FIZ228 - Numerical Analysis
Dr. Emre S. Tasci, Hacettepe University

+++

Although we have already studied and employed various minimization commands and used them in conjunction within the optimization problems (by minimizing the errors to fit given models), a deeper insight and variations might prove useful.

import numpy as np
import scipy.optimize as opt
import matplotlib.pyplot as plt

np.random.seed(228)

scipy.optimize.minimize*

minimize() function from scipy's optimize module handles a variety of minimization methods (if not specifically denoted, then by default uses the BFGS method (for unconstrained problems)).

+++

Single variable function

Consider a "negative gaussian" function, so instead of a peak, it will have a bottom, i.e., a definite minimum that we are seeking. We know that it will be located at the $\mu$. However, don't forget that, in real-life situations we have no idea what the function is let alone where its minimum is.

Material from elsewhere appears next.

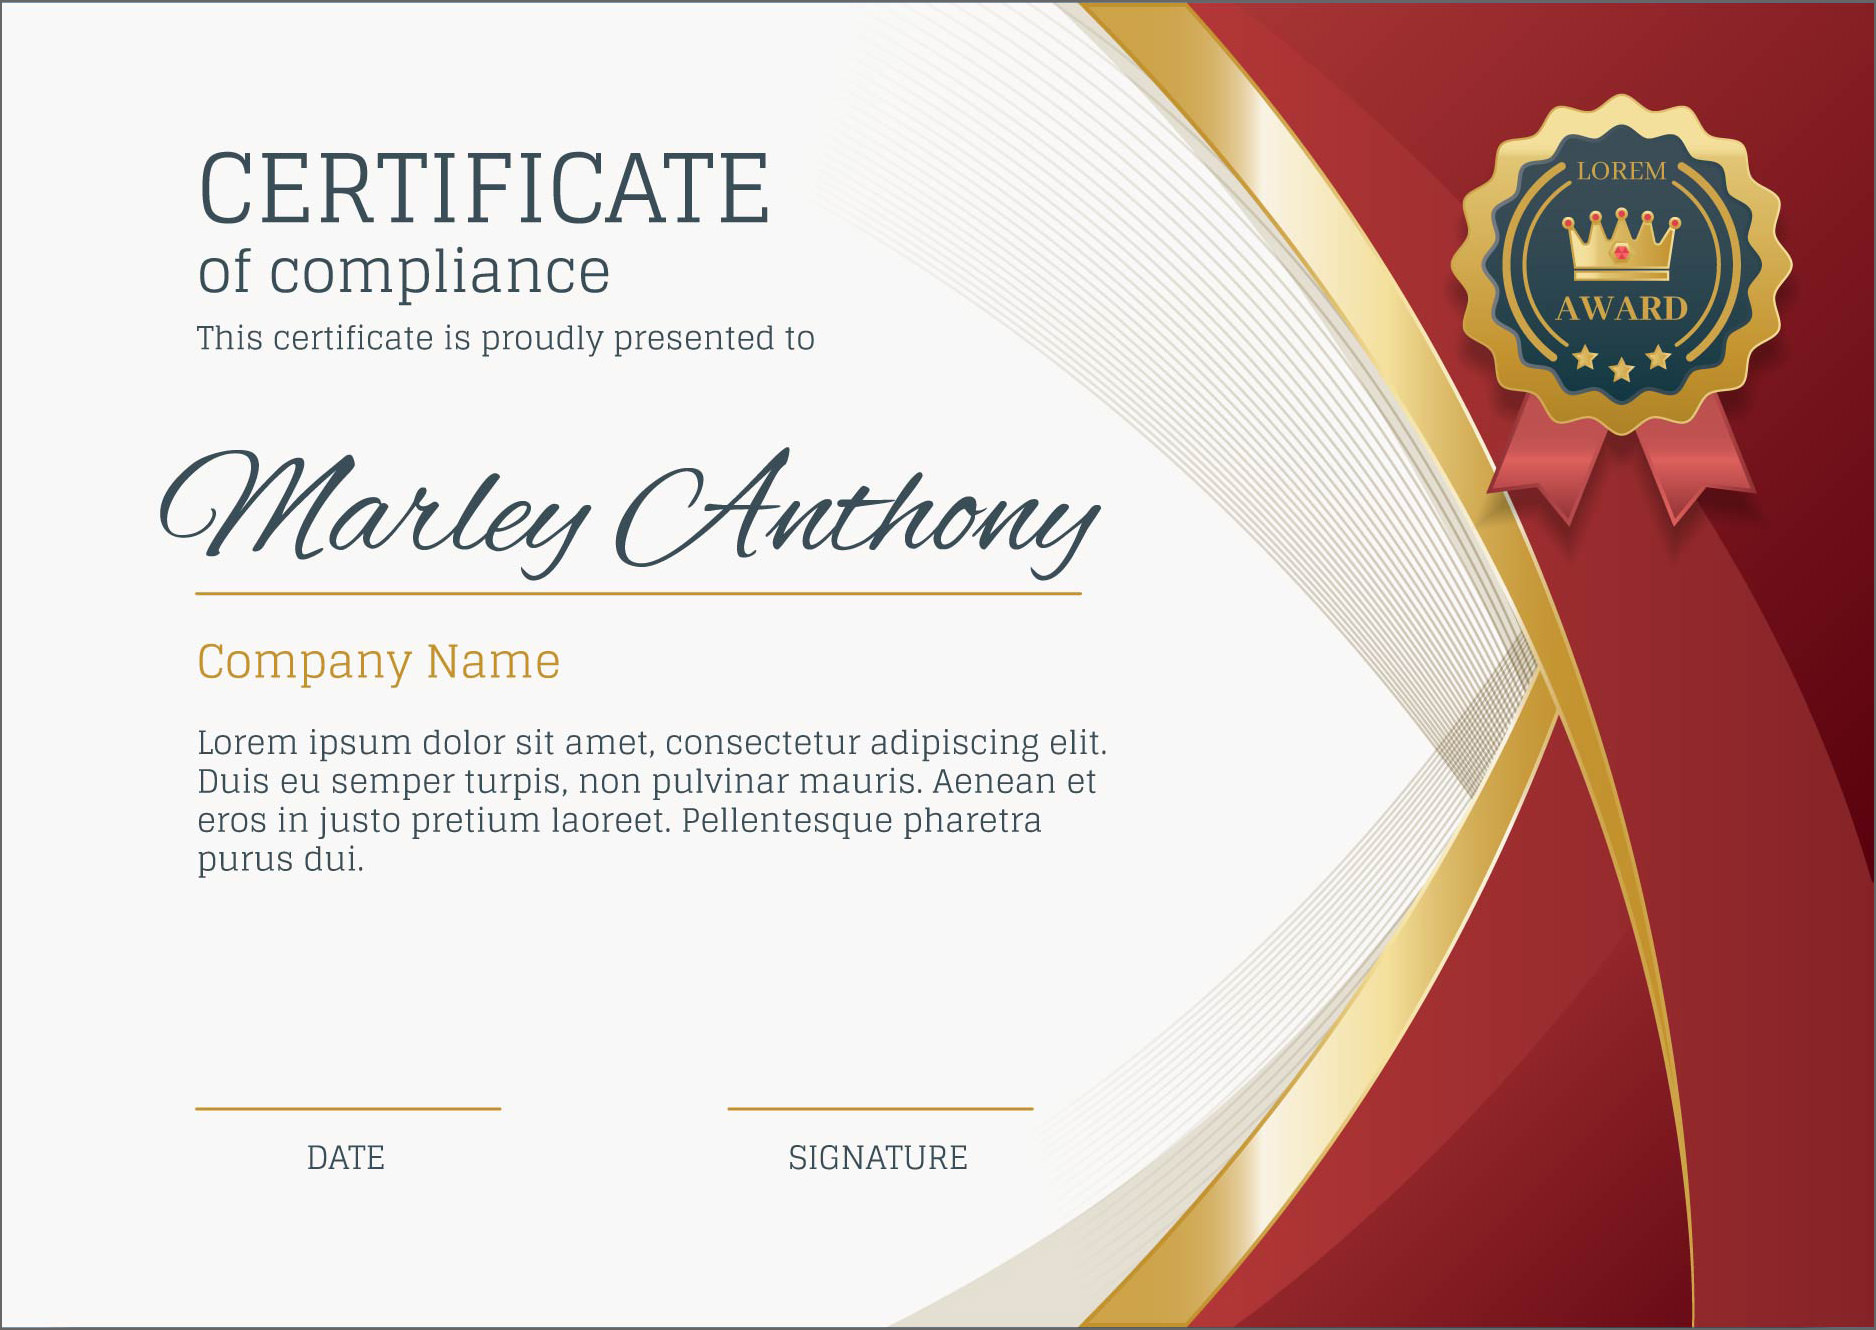 50 Free Creative Blank Certificate Templates In PSD Photoshop Vector

Pay attention that the variable $x$ is defined first and the parameters $(\mu,\sigma)$ come afterwards in the function declaration.

def f(x,mu,sigma):
    return -np.exp(-(x-mu)**2/(2*sigma)**2)

mu = 5
sigma = 0.7
x = np.linspace(0,10,300)
plt.plot(x,f(x,mu,sigma),"k-")
plt.show()

When calling the minimize function, we feed an initial guess / starting point for the x variable (here: 3) and supply the values of the characteristic parameters $(\mu,\sigma)$.

Once again: we are searching for the minimum -- not looking for the optimal parameters that fits a function to a given set of data!

# mu and sigma here have definite values (5 & 0.7)
opt.minimize(f,3,(mu,sigma))

Multi-variate function

As we have observed from the single variable function example, minimize takes the first parameter as the variable. Thus, when we are dealing with a multi-variate function, we need to implement it as a vector variable when defining the function.

Therefore a sample function of:

$$f(x,y;a,b) = (x-a)^2 + (y-b)^2$$

is defined as follows (a variable, followed by the parameters):

def f(xy,a,b):
    return (xy[0]-a)**2+(xy[1]-b)**2

Let's place the minimum at $(x_0,y_0) = (3,4)$:

x = np.linspace(-1,7,100)
y = np.linspace(-1,9,100)
(xx,yy) = np.meshgrid(x,y)
zz = f((xx,yy),3,4)

fig = plt.figure(figsize = (12,10))
ax = plt.axes(projection='3d')

plt.xlabel('x')
plt.ylabel('y')

surf = ax.plot_surface(xx, yy, zz, cmap = plt.cm.viridis)
fig.colorbar(surf, shrink=0.5, aspect=8)
plt.show()

#levels = np.arange(0,15,3)
levels = np.array([0,0.1,0.2,0.5,0.7,1,2,3,5,8,12,15])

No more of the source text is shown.